3. Le bovarysme de l’écriture ou Le bovarysme de Flaubert: « madame Bovary c’est moi,
d’après moi… »
Flaubert a trouvé les germes du bovarysme en lui-même. Madame Bovary est une manière pour lui
de réfréner ses élans romantiques, lui qui est aussi nourri de cette littérature. De même, dans sa vie
personnelle, il s'est longtemps heurté à la réalité paternelle : il se rêve écrivain, tandis que son père
veut en faire un avocat; il préfère les voyages aux études et part pour de longs mois avec son ami
Maxime du Camp en Orient. Il est parfaitement conscient de cette insatisfaction permanente
lorsqu’il écrit à Louise Colet : « C'est un homme sage, celui-là, et qui ne demande pas à la vie plus
de joies qu'elle n'en porte et qui ne va [pas] chercher le parfum des orangers sous les pommiers à
cidre » (2 septembre 1846). Lui aussi souffre de l'ennui : « Je suis né ennuyé ; c'est là la lèpre qui
me ronge ». (Lettre à Louise Colet, 2 décembre 1846). On peut aussi établir un parallélisme entre la
quête d’idéal de l’héroïne et la quête de perfection stylistique de l’écrivain qui aboutit comme pour
Emma à un sentiment d’insatisfaction. De plus, Flaubert, avec Madame Bovary, s’est lancé dans
l’écriture d’un roman dont le sujet lui répugne. Et l’écriture du roman s’est accomplie comme une
thérapie par laquelle il s’agissait de guérir du « cancer du lyrisme ». Avec le bovarysme d’Emma,
Flaubert se moque de sa propre aspiration au lyrisme.

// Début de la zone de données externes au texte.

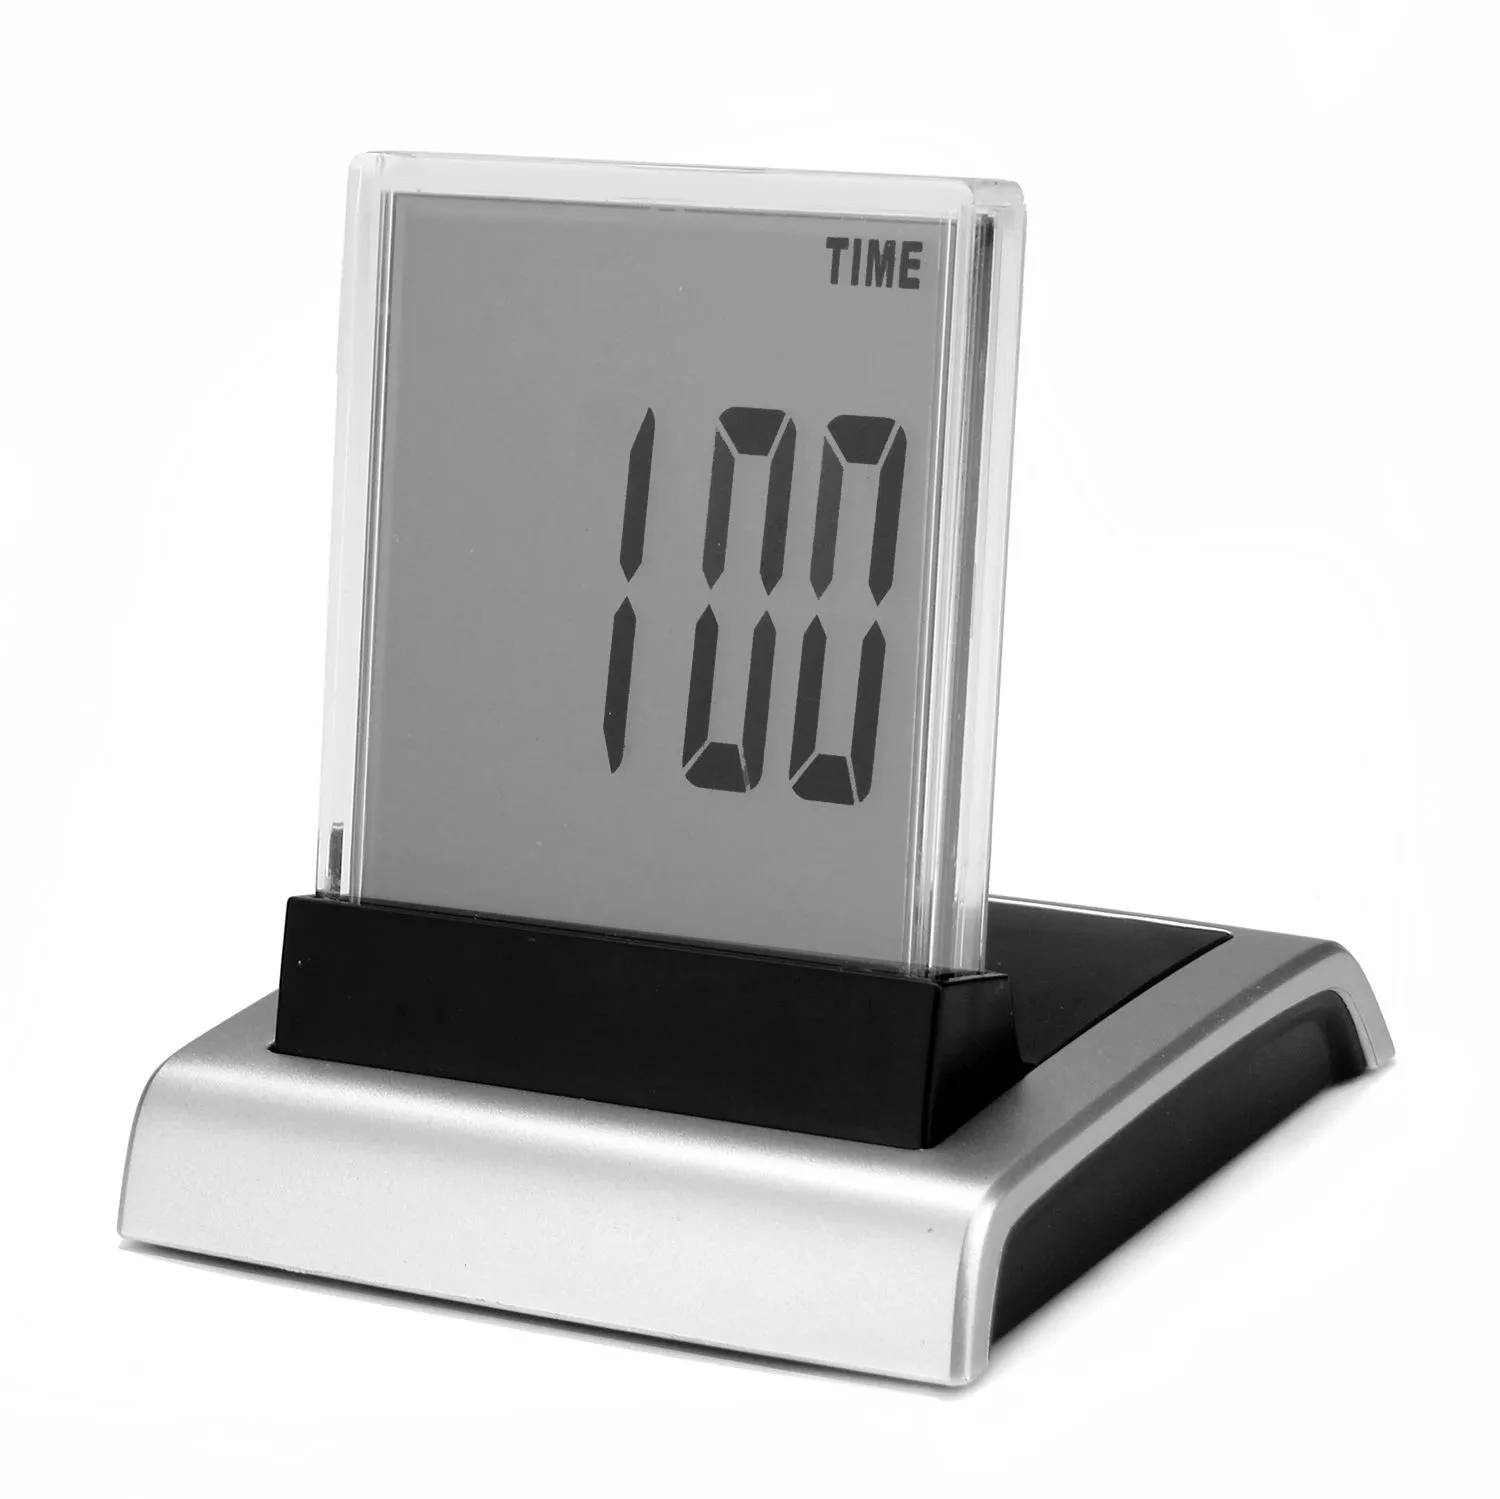 7-Color Change LED Digital LCD Alarm Clock Thermometer

CONCLUSION : À travers le personnage d’Emma, Flaubert a cherché à représenter le désir
féminin dans toute sa complexité. Mais il ne faudrait pas réduire Emma à un simple type
psychologique, le roman étant d’abord une œuvre littérature et une quête stylistique. En effet, à
travers Madame Bovary, Flaubert a pu démontrer l’absolue supériorité de l’art en donnant vie à un
personnage qui n’est à l’origine qu’un être de papier.
1 point sera consacré à la présentation et à la propreté de la copie.